Netflix-Hofknicks

„The Crown“, S5: noch mehr Kontroverse um Fakt und Fiktion

The Crown, S5, Peter Morgan
The Crown, 2016–, Peter Morgan © Netflix

Es gibt eine Szene in der neuen Staffel von The Crown, in der Charles seiner nunmehrigen Ex-Frau Diana einen unerwarteten Besuch abstattet und sie ihm eine Eierspeise macht. Die beiden führen an ihrem Küchentisch eine ehrliche Autopsie ihrer gescheiterten Ehe durch. Eine Zeit lang sind sie fast wie Freunde, flirten und lachen. Die Szene ist trashiger als der Matsch, den Charles da isst. Sie ist auch sehr wahrscheinlich frei erfunden.

Routinemäßig spult sich jedes Jahr wegen Szenen wie dieser die gleiche Kontroverse um das Kronjuwel von Netflix ab, aber in diesem Jahr geht die Auseinandersetzung tiefer denn je. Bisher hatten wir den ehemaligen Premierminister John Major (gespielt von Jonny Lee Miller), der die Serie als „als Tatsache vorgeführte Fiktion“ beschrieb, während sein Nachfolger Tony Blair (gespielt von Bertie Carvel) sie als „kompletten Müll“ beschimpfte (nämlich im Guardian).

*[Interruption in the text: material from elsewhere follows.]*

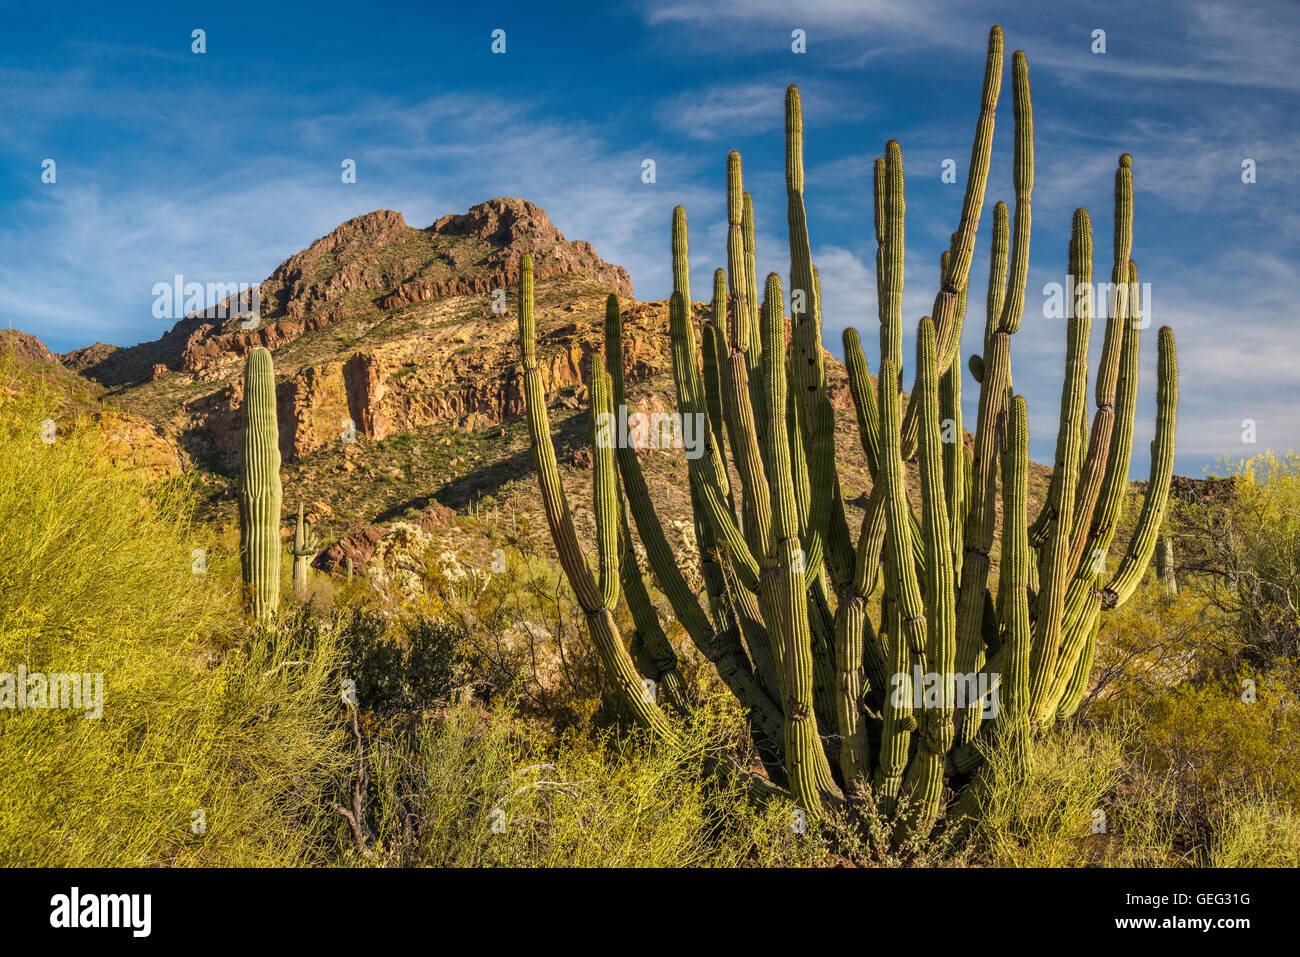 Orgelpfeife Saguaro Kakteen Diablo Berge Ajo Mountain Drive Sonora Wuste Organ Pipe Cactus National Monument Arizona Stockfotografie Alamy
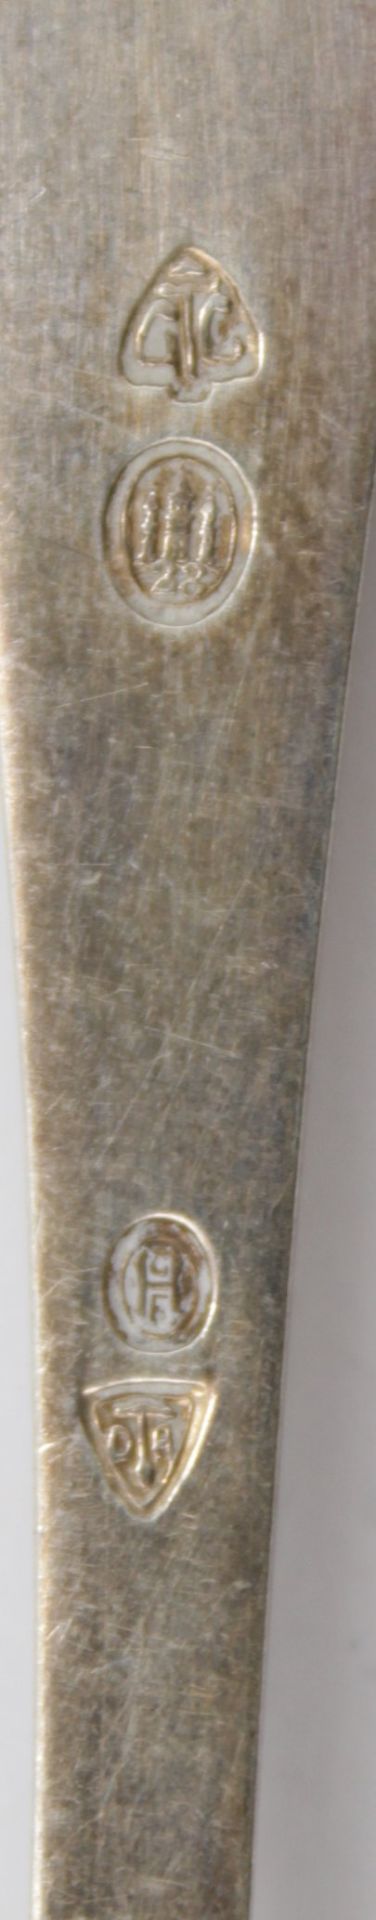 kl. Saucenkelle, Silber, Dänemark 1928, Hammerschlag, 20gr., L-13cm. - Bild 3 aus 3

Schauspielerin Judi Dench hat dem Drama in einem offenen Brief an die Times „grobe Sensationsgier“ attestiert und hinzugefügt, dass die fiktiven Berichte über historische Ereignisse „auf eine grausame Art ungerecht“ gegenüber der königlichen Familie und „schädlich für die Institution, die sie repräsentieren“, seien. Natürlich liegt eine gewisse Ironie darin, dass ausgerechnet eine Frau, die für ihre Rolle als Elizabeth I. in dem Film Shakespeare in Love (1998) einen Oscar als beste Nebendarstellerin gewann, auf historische Genauigkeit besteht. Aber Netflix hat einen Hofknicks gemacht und stellt The Crown jetzt unter dem Trailer zum ersten Mal als „fiktive Dramatisierung“ in Rechnung.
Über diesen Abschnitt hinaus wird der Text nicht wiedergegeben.